O Bell Food Group regista o melhor resultado semestral da sua história – a estratégia revela-se eficaz
As perspetivas para o exercício financeiro de 2026 são promissoras
Os números divulgados são extremamente encorajadores. O EBITDA aumentou 13,5 milhões de CHF, para 173,2 milhões de CHF (+8,4 %). O EBIT, de 76,4 milhões de CHF, registou um aumento de 10,2 milhões de CHF em relação ao ano anterior (+15,4 %). A receita líquida registou um crescimento orgânico de 46,7 milhões de CHF, atingindo os 2,4 mil milhões de CHF (+1,9 %). O lucro semestral ascendeu a 55,4 milhões de CHF (+9,7 milhões de CHF; +21,3 %). O fluxo de caixa livre aumentou para 40,5 milhões de CHF. O CEO Marco Tschanz comenta o resultado recorde: «O sucesso baseia-se no reforço consistente dos quatro pilares estratégicos do Bell Food Group. É particularmente gratificante que tenhamos também conseguido aumentar ainda mais a nossa rentabilidade ao mesmo tempo.»

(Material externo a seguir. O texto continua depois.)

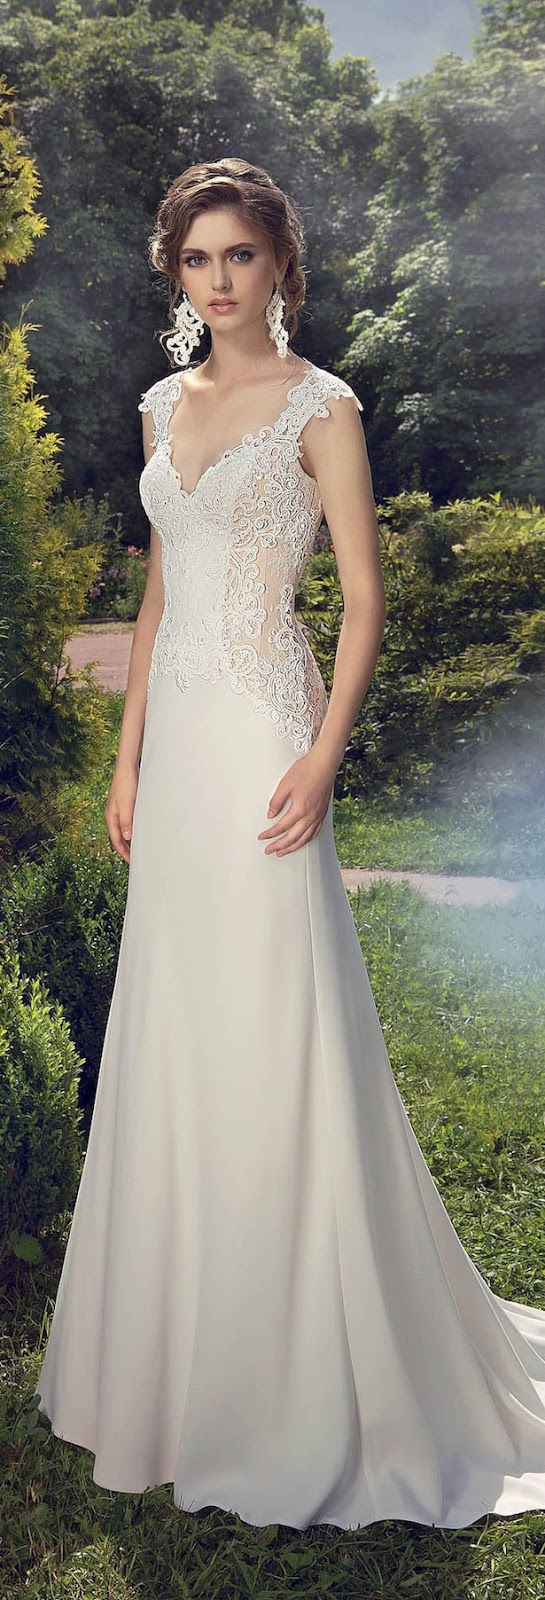 imagenes vestidos de novia sencillos
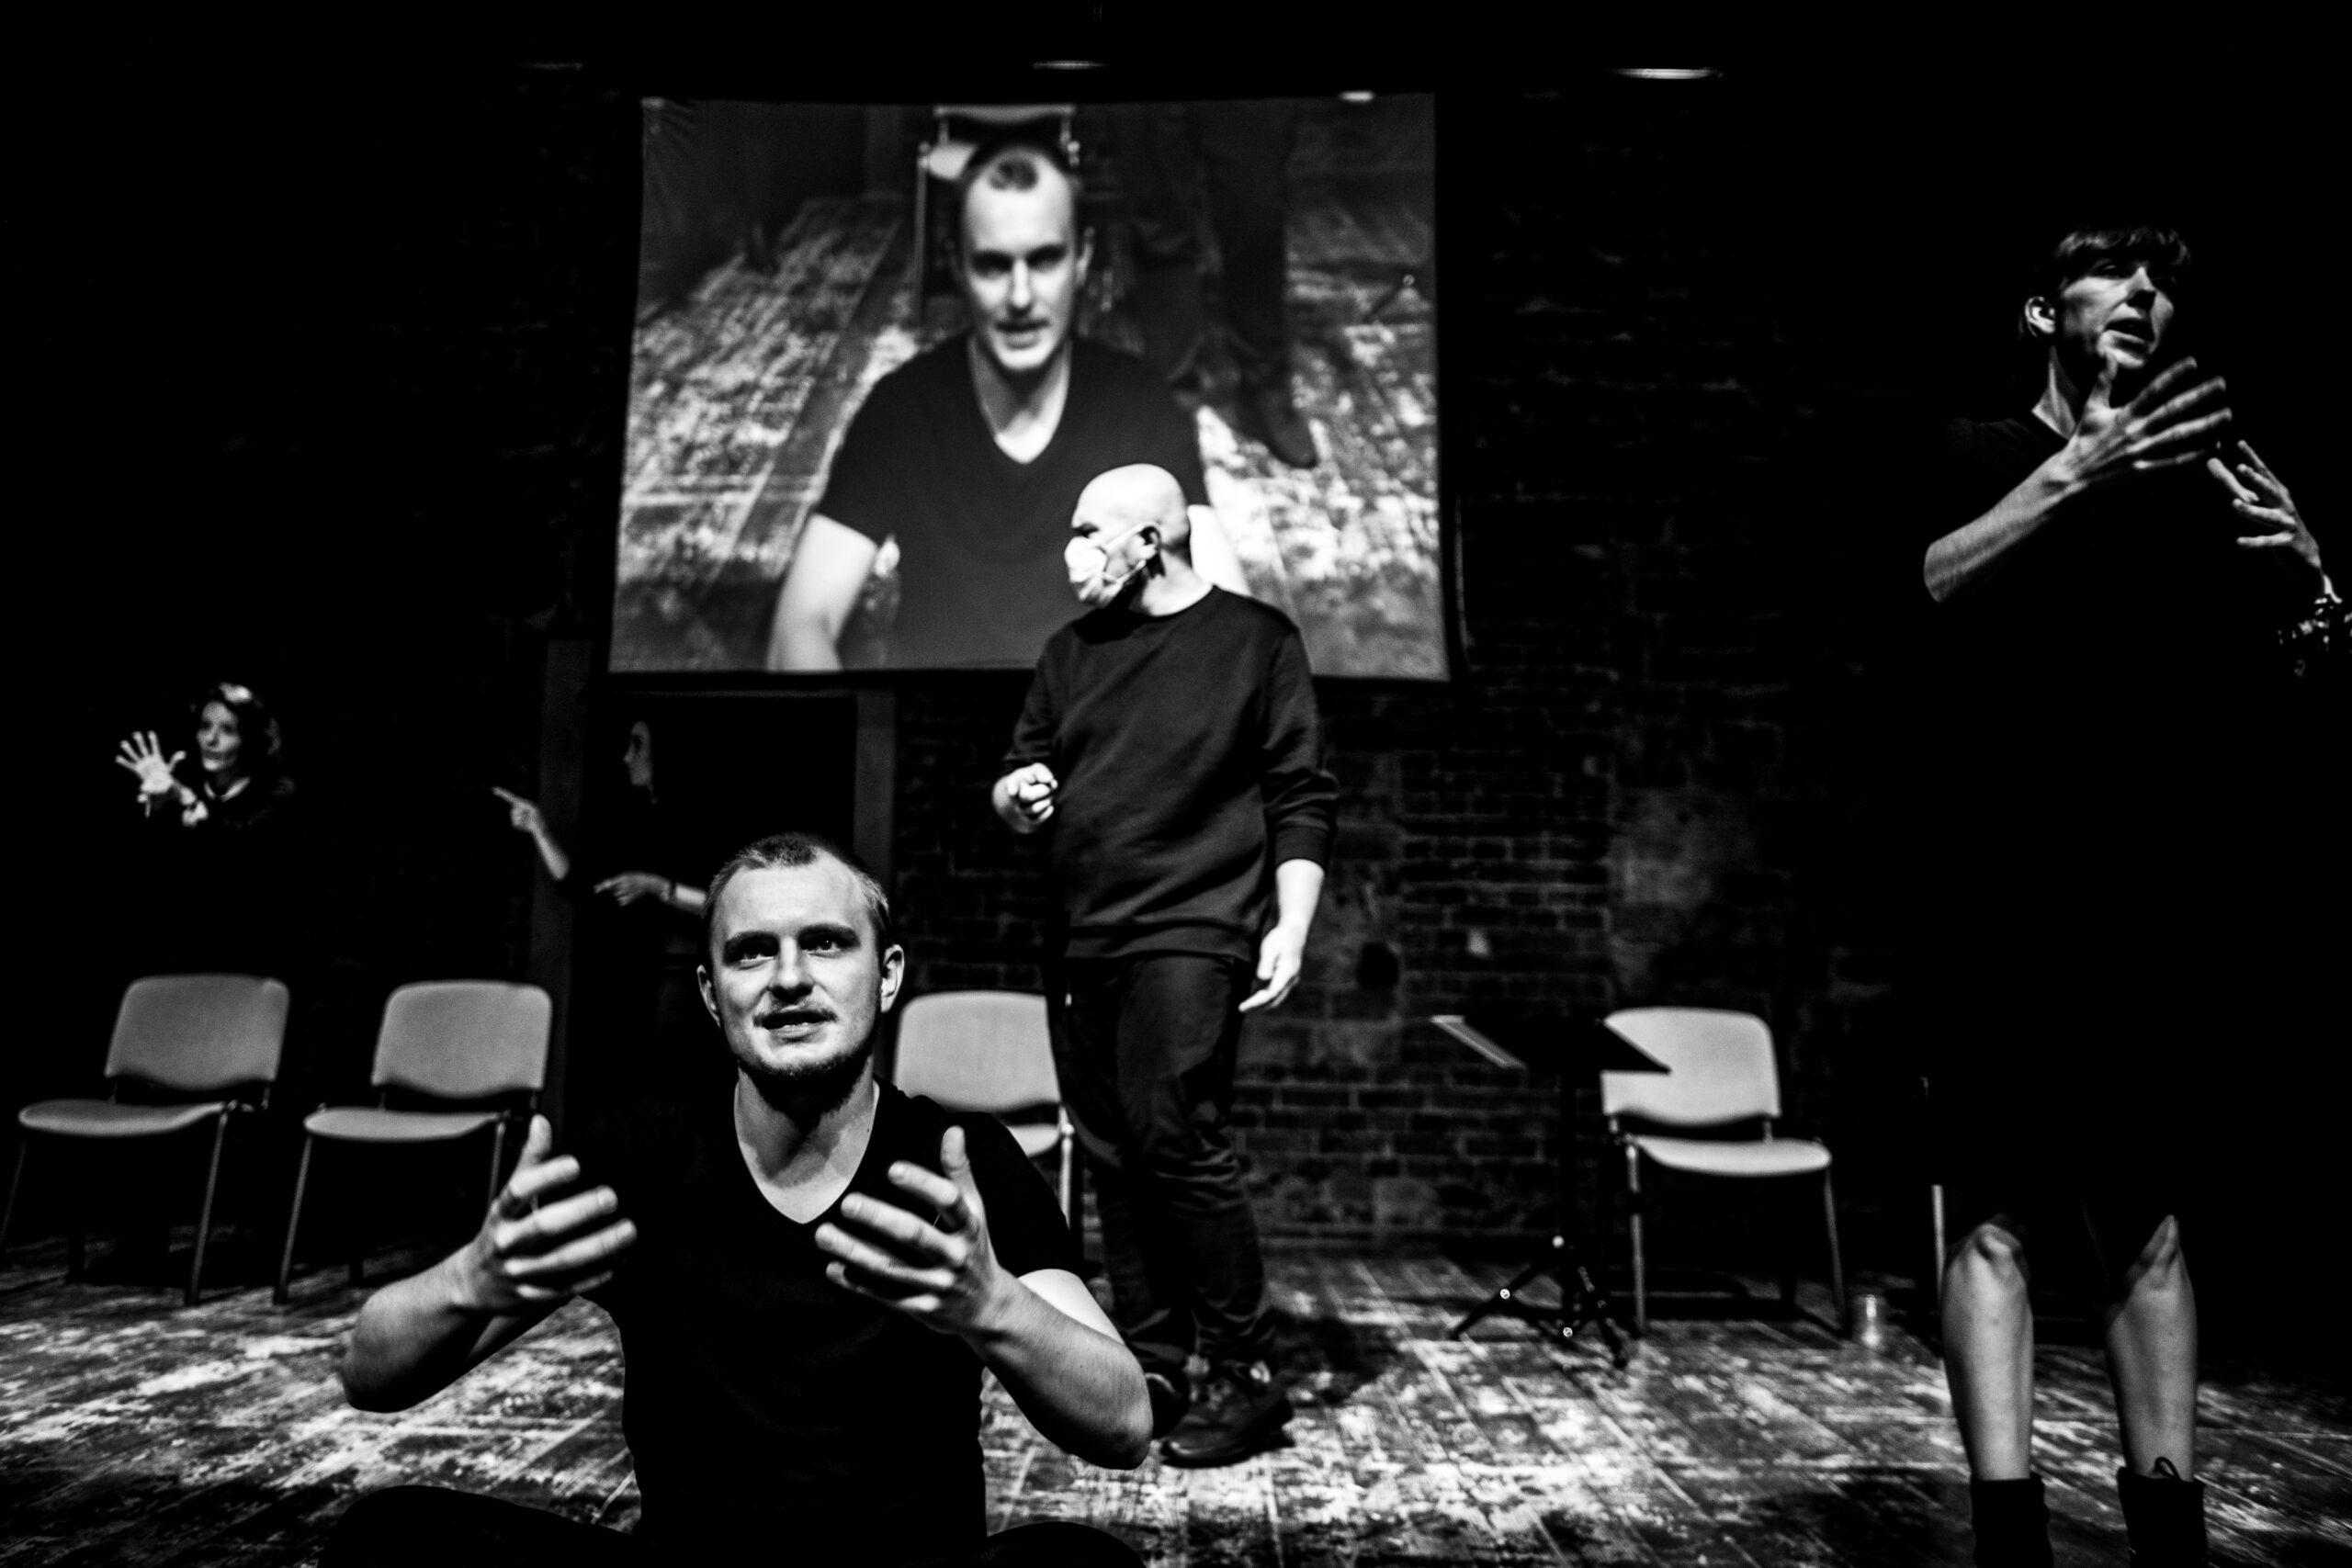 Czarnobiała fotografia przedstawia 4 osoby. Jedna osoba siedzi gestykulując, za nią znajduje się mężczyzna w maseczce. Po prawej i po lewej kobiety tłumaczą w języku migowym

Melhor resultado semestral da história da empresa
O Bell Food Group é um dos principais produtores europeus de carne e produtos de conveniência. No primeiro semestre de 2026, a empresa beneficiou do forte desempenho das suas áreas de negócio Bell Switzerland, Bell International, Hubers/Sütag e Hilcona, que superaram os resultados do ano anterior. «Em linha com a nossa estratégia, todas elas se concentraram na venda de produtos de elevado valor acrescentado, e isso compensou», afirma o CEO Marco Tschanz.
Quatro pilares estratégicos para um crescimento rentável
O Bell Food Group baseia a sua estratégia em quatro pilares estratégicos claramente definidos:
- expansão consistente da sua posição de líder de mercado na Suíça nos setores da carne, aves, charcutaria e marisco;
- expansão como número um no mercado europeu de presunto seco ao ar;
- desenvolvimento da sua posição de liderança no setor das aves sustentáveis na região DACH; e
- expansão direcionada da sua posição como pioneiro no mercado de produtos de conveniência.
Ao fazê-lo, o Grupo está a reforçar a sua posição de mercado em categorias atrativas e a lançar as bases para um sucesso sustentável. «Estamos a lançar as bases para um crescimento sustentável e rentável e a pôr em prática, de forma consistente, a nossa visão ‹Leading in Food›», afirma Tschanz.
Progresso sustentável em todas as áreas de negócio
É particularmente digno de nota que todas as áreas de negócio tenham registado progressos sustentáveis e aumentado as suas margens de lucro bruto. A Bell Suíça registou crescimento em todos os canais e categorias de produtos, o que lhe permitiu compensar as perdas causadas pelas perturbações no mercado de abastecimento de carne de suíno através das suas outras atividades. A Bell International continuou a apresentar um desempenho de alto nível, em parte devido à integração bem-sucedida das operações da Hermann Wein na Bell Alemanha. O desempenho da Hubers/Sütag foi muito sólido no primeiro semestre. O crescimento das vendas foi o principal motor do sucesso, especialmente no negócio do peru. A Eisberg está a colher os primeiros frutos do seu foco na região DACH e das medidas de otimização iniciadas nas instalações austríacas. Graças ao seu crescimento bem-sucedido no canal de vendas a retalho, a Hilcona conseguiu, mais uma vez, superar o bom resultado do período homólogo do ano anterior. A área de negócio Hügli está a reposicionar as suas instalações e gamas de produtos e, tal como esperado, o atual exercício financeiro é um ano de transição. Já foram implementadas as primeiras melhorias operacionais.
Posicionada de forma ideal em termos estratégicos
«O crescimento encorajador e forte do resultado operacional confirma, em primeiro lugar, que o foco estratégico e operacional está a revelar-se eficaz. E, em segundo lugar, que construímos uma base sustentavelmente excelente para um crescimento rentável no futuro», afirma o CEO Marco Tschanz. Para o ano completo, a empresa prevê um EBIT entre 180 milhões e 195 milhões de francos suíços, dependendo da influência de vários fatores. No que diz respeito aos investimentos, a administração não prevê que o montante indicado nas orientações venha a ser necessário este ano. Graças à redução de custos e a uma gestão rigorosa dos investimentos, prevê-se atualmente que o volume de investimento se situe em cerca de 300 milhões de francos suíços. Este montante pode ser financiado a partir do fluxo de caixa próprio. «Estamos muito confiantes em relação ao segundo semestre do ano e esperamos que os progressos operacionais alcançados no primeiro semestre se reflitam num sólido desempenho empresarial», afirma Tschanz.